The slight ripple near t=1s is something I've seen before in measurements made with Tom Van Baak's Kvarz CH1-76 PHM. Not clear what's going on there, or if it's the same phenomenon at all.


June 22, 2024: Various intermittent glitches

Several different issues developed over the course of a day or so: Given the involvement of both the side and bottom cavity heaters, the oven controller subassembly appeared to be the most likely common factor. Defective 100 uF/50V electrolytic capacitors were found at the input and output terminals of the onboard 7824 voltage regulator (image at right).

While both capacitors showed ESR readings near 100 ohms, the input capacitor was primarily responsible for the failures. This was verified by temporarily removing both replacement capacitors to restore the fault condition, then installing a replacement on the input side while the output capacitor remained disconnected:

All three integrators rely on a single floating Zener diode to establish intermediate bias voltages near +8 and +16 volts (see quick sketch of oven controller board schematic), which doesn't strike me as a great idea. As an experiment to reduce supply sensitivity and potential interaction between the different control loops, I replaced the Zener with two separate LM317L regulators in close thermal contact.

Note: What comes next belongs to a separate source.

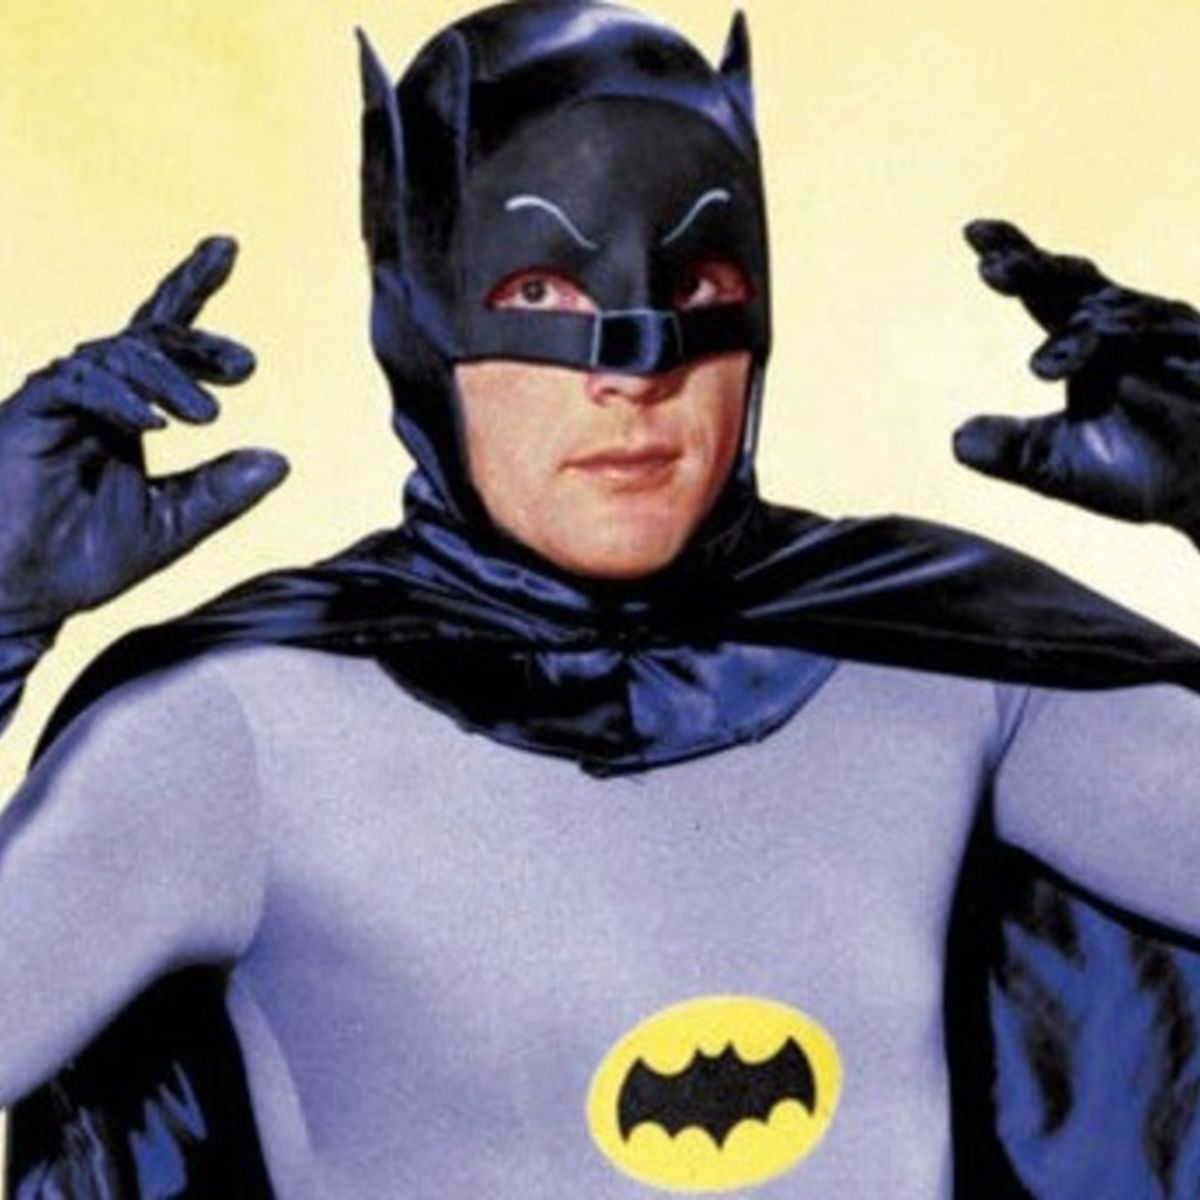 adam-west-batman.jpg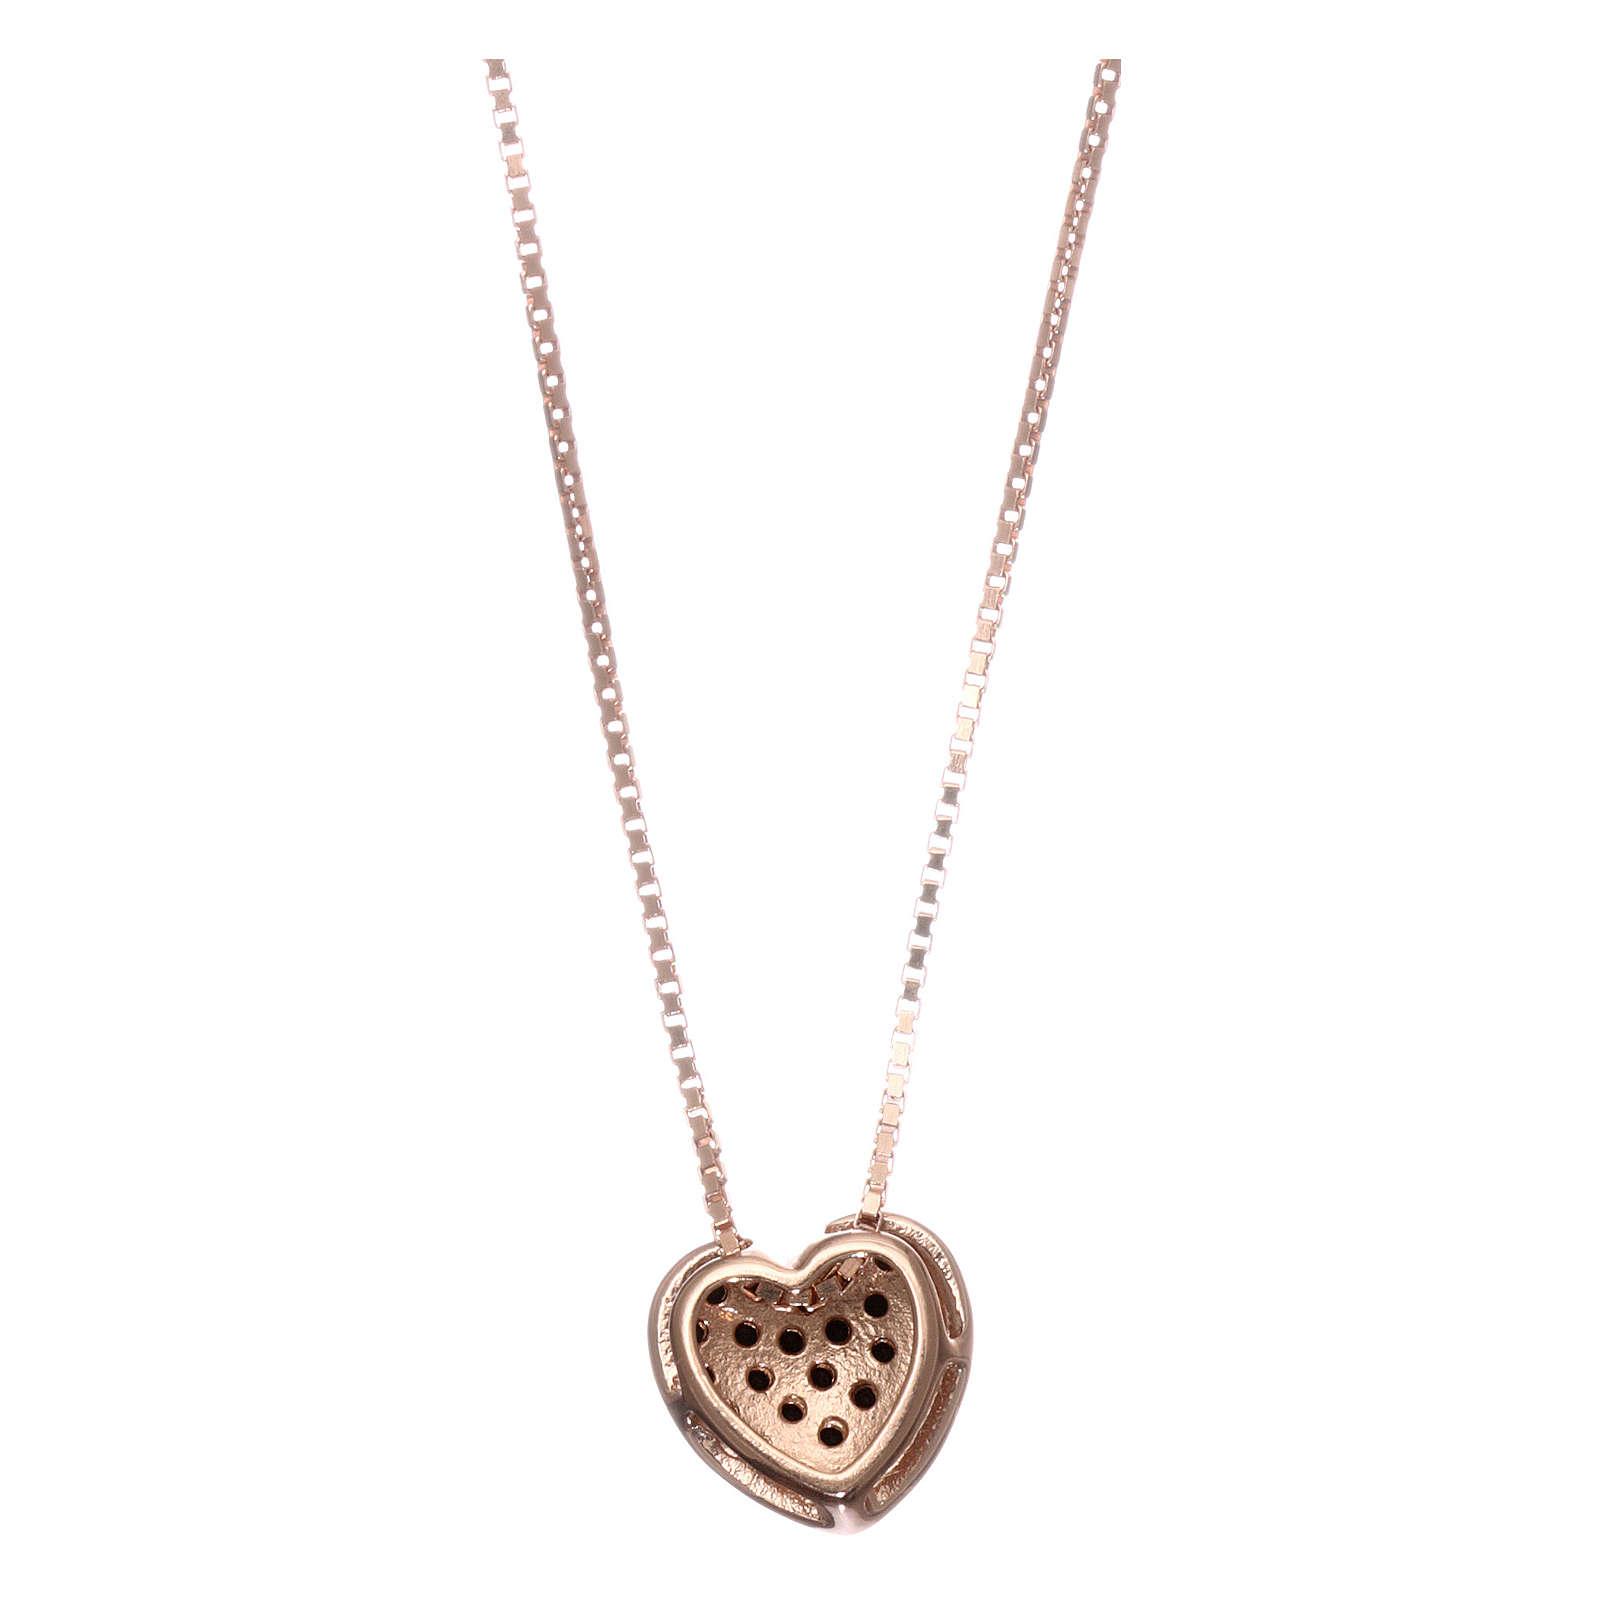 Collana AMEN argento 925 rosé cuore zirconi neri  4

Additionally, a bad 470 uF 16V electrolytic was found on the current regulator PCB for the H2 purifier element. Replacing this capacitor increased the purifier current by a factor of roughly 2x and improved the 2nd harmonic level by a factor of about 3x, lowering the ADEV at t=1s from 1.4E-12 to 9.5E-13. Pending some benchmarking, it may make sense to reduce the purifier current somewhat to conserve the H2 supply.